Exercise description –
What is needed is an exact transcription of the listing, with the images removed.

Collected data –
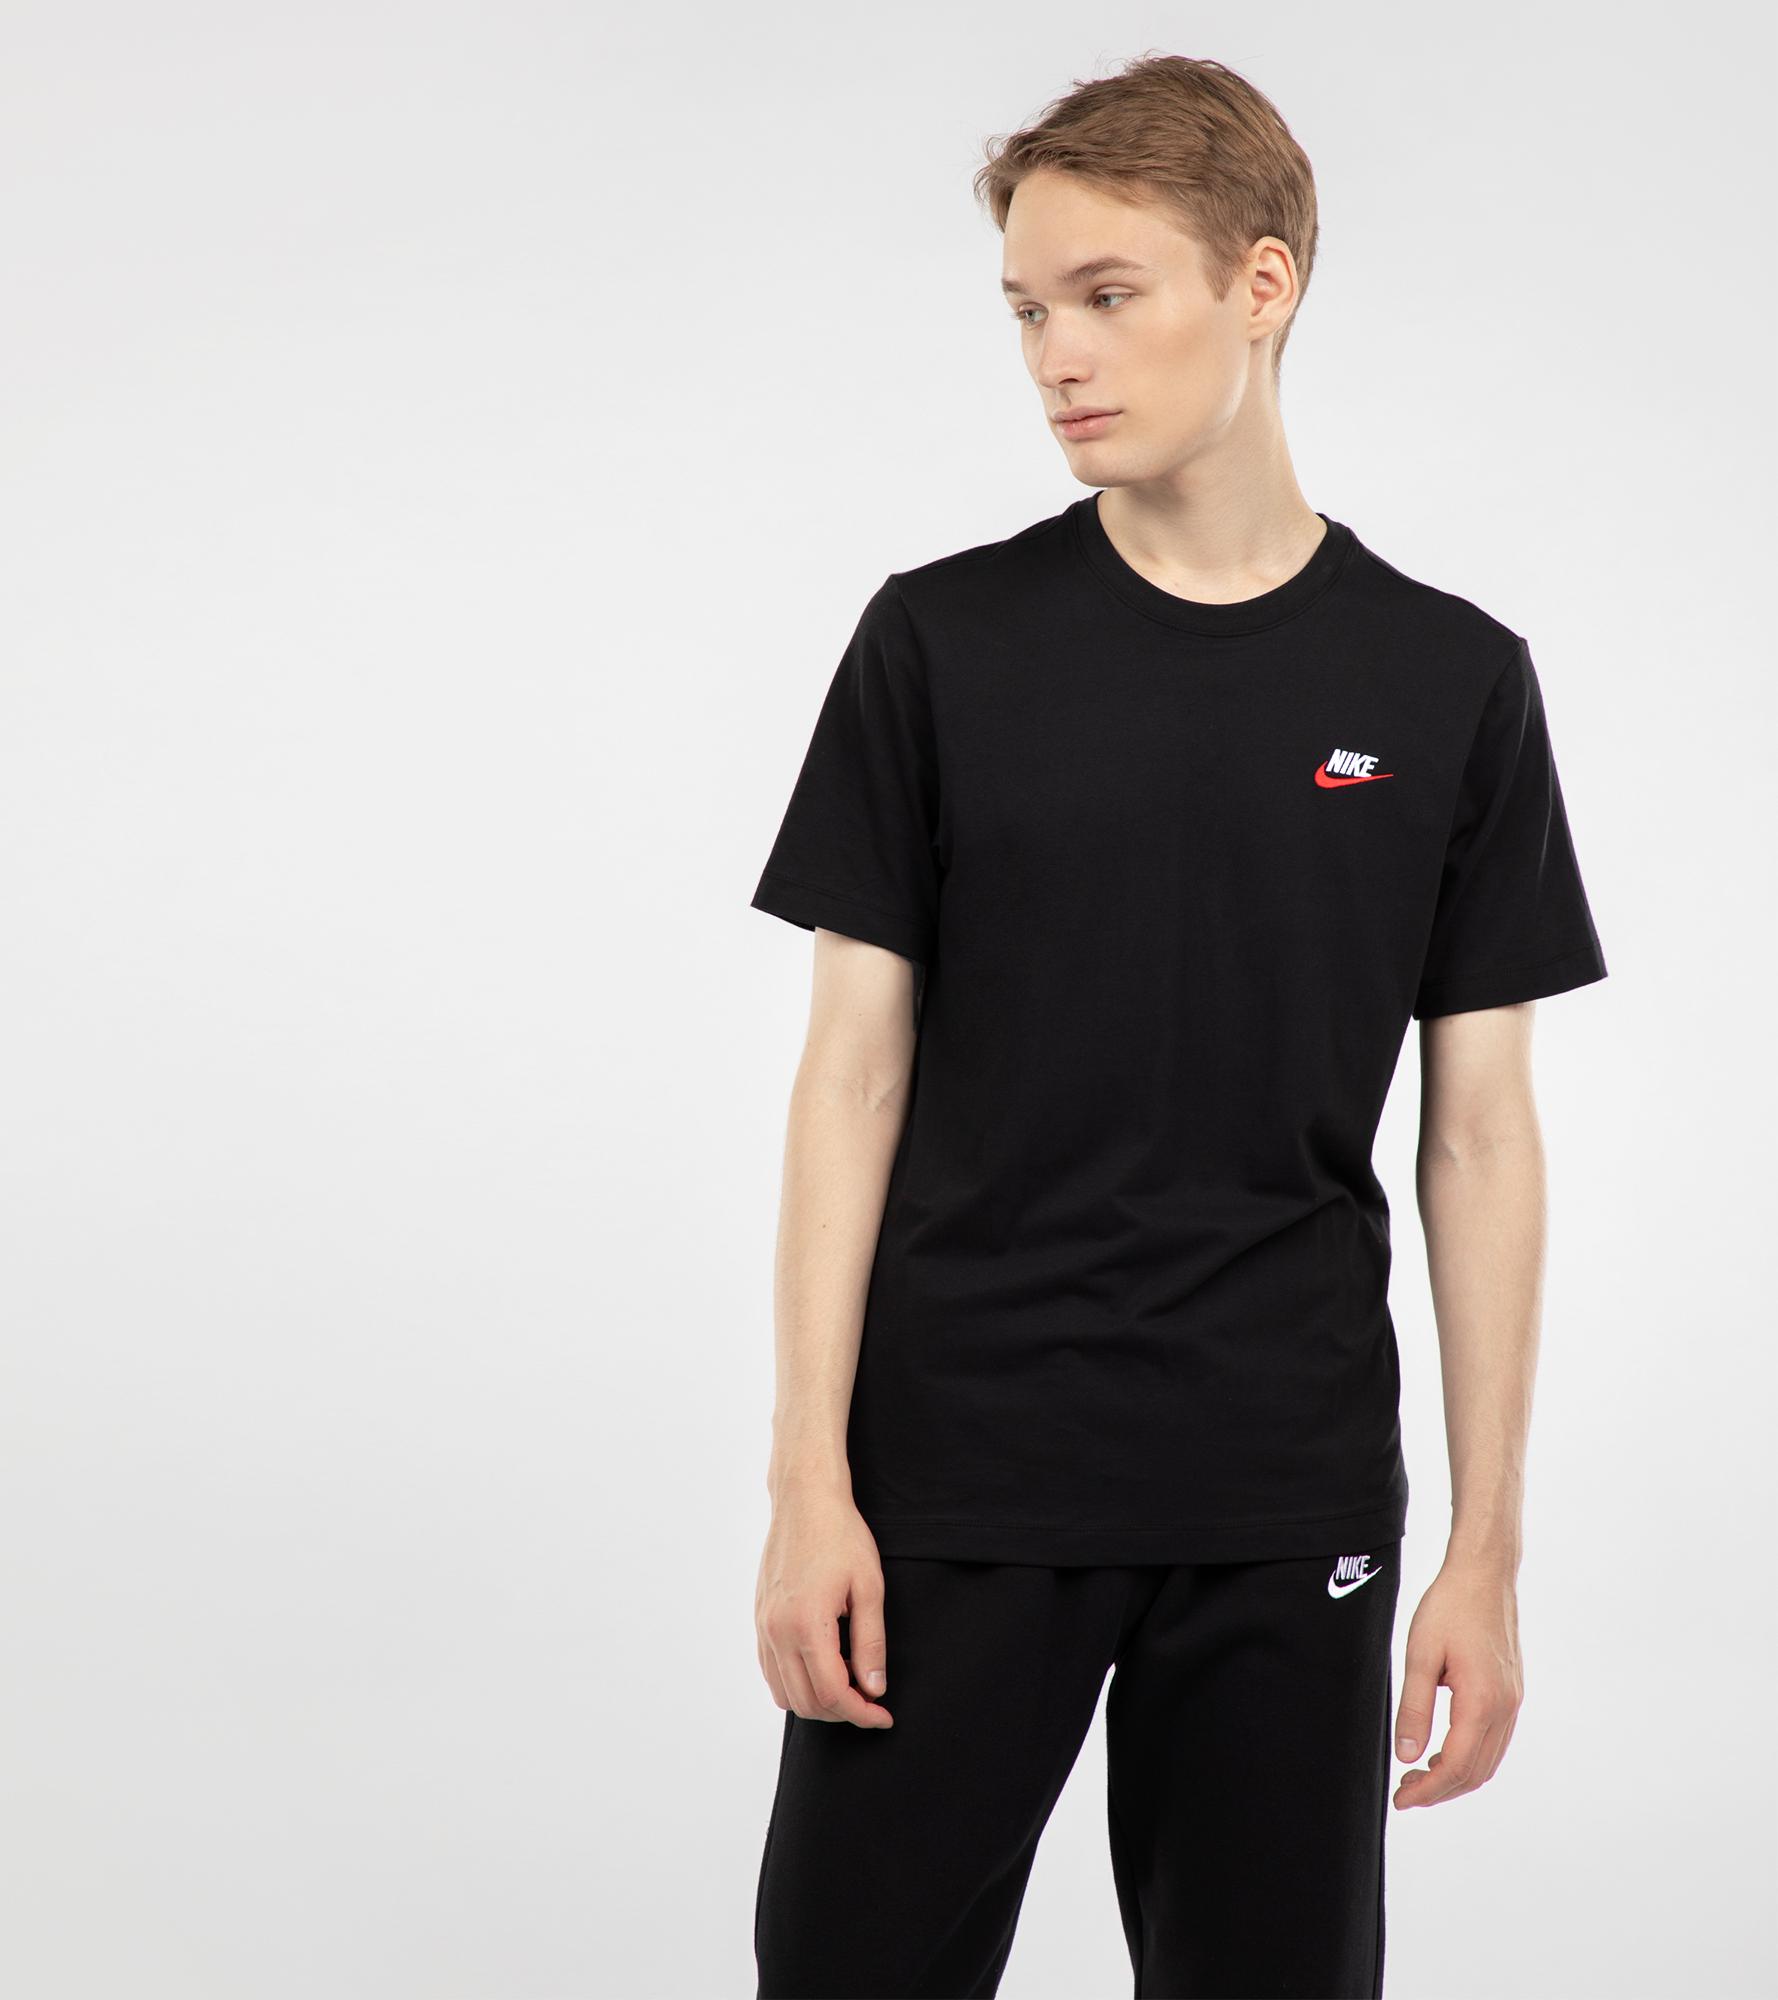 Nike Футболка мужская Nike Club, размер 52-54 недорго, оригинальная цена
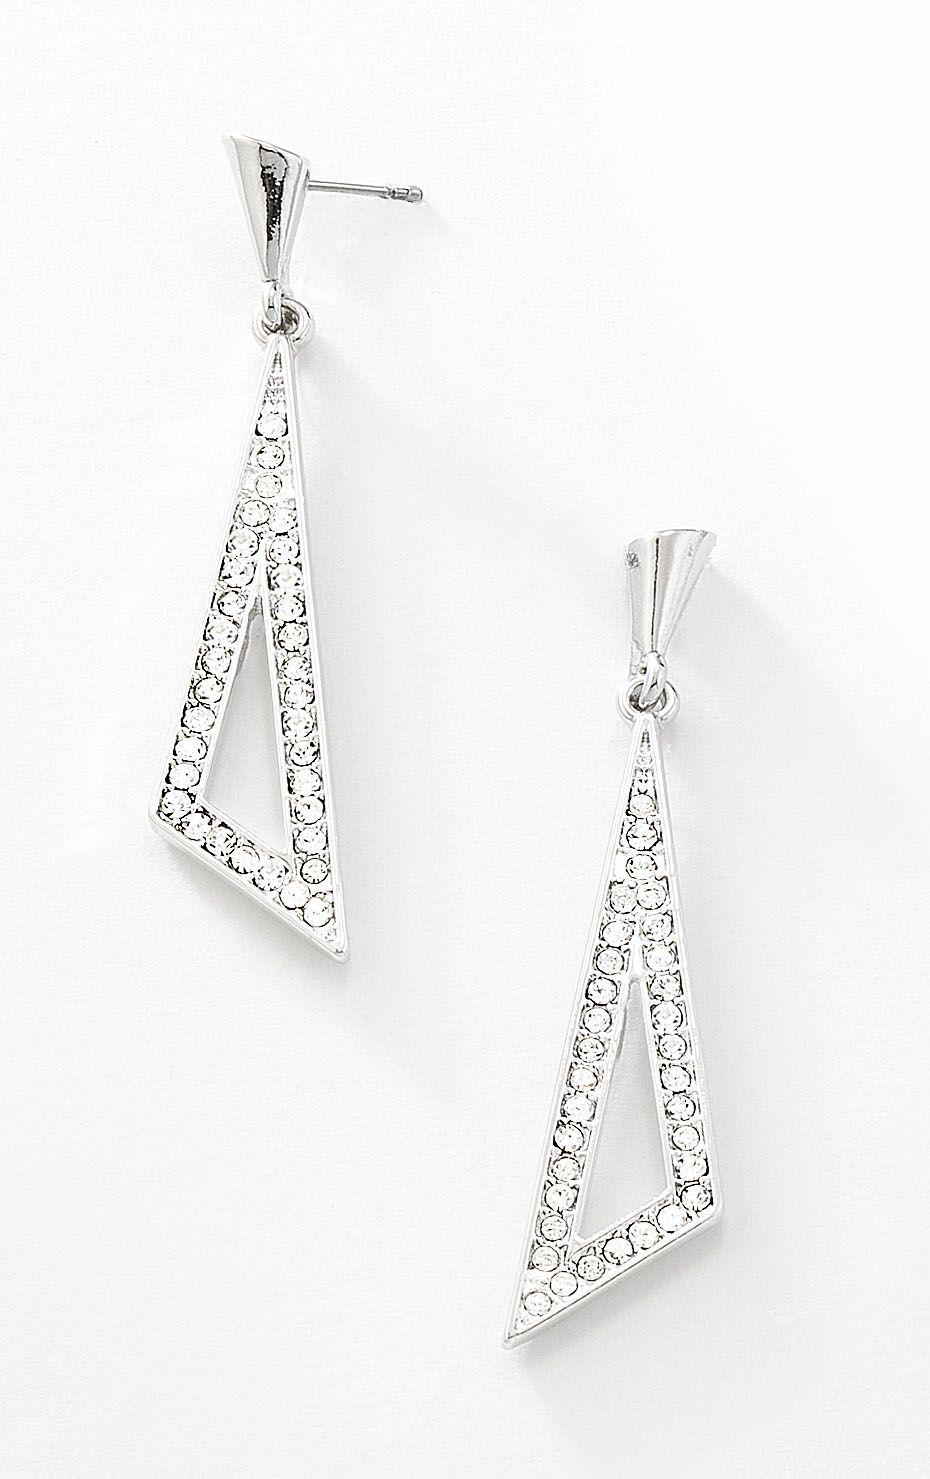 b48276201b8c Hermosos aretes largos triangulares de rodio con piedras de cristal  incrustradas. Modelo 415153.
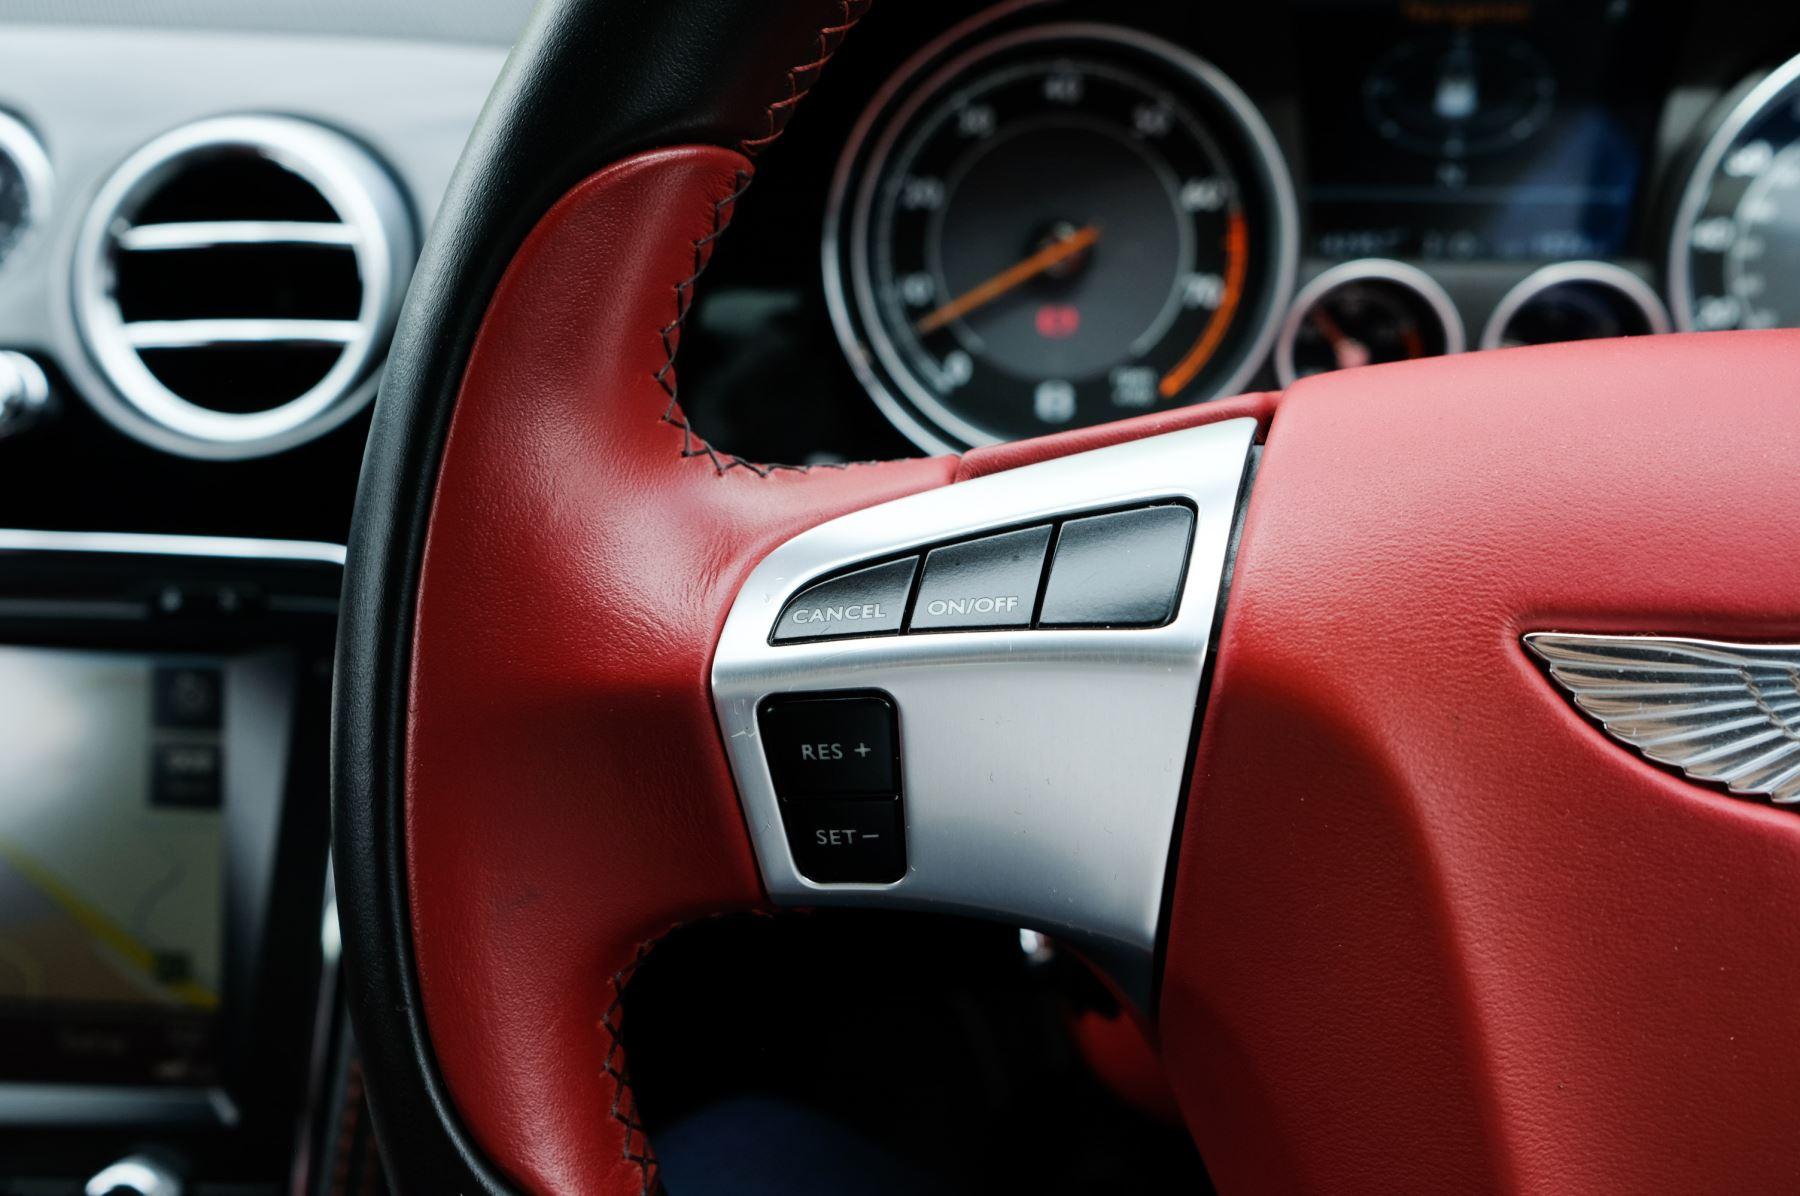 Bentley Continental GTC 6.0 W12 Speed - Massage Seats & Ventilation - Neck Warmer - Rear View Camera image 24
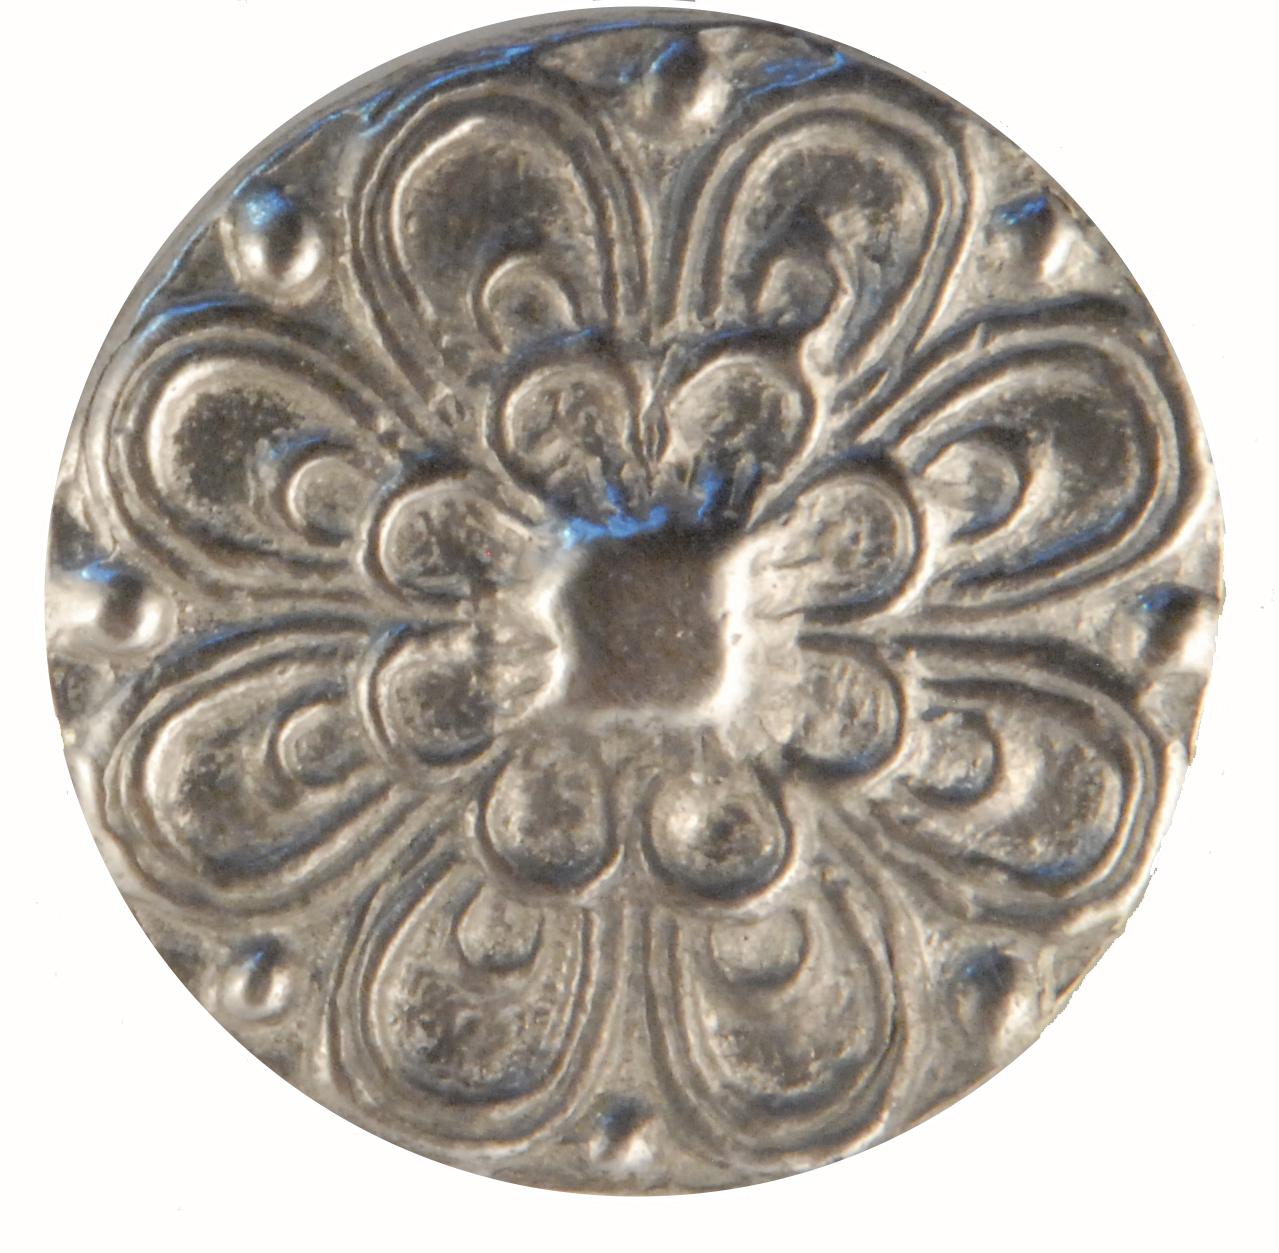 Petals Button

Response to this exercise –
 Nike Футболка мужская Nike Club, размер 52-54 недорго, оригинальная цена
 b48276201b8c Hermosos aretes largos triangulares de rodio con piedras de cristal  incrustradas. Modelo 415153.
 Bentley Continental GTC 6.0 W12 Speed - Massage Seats & Ventilation - Neck Warmer - Rear View Camera image 24
 Petals Button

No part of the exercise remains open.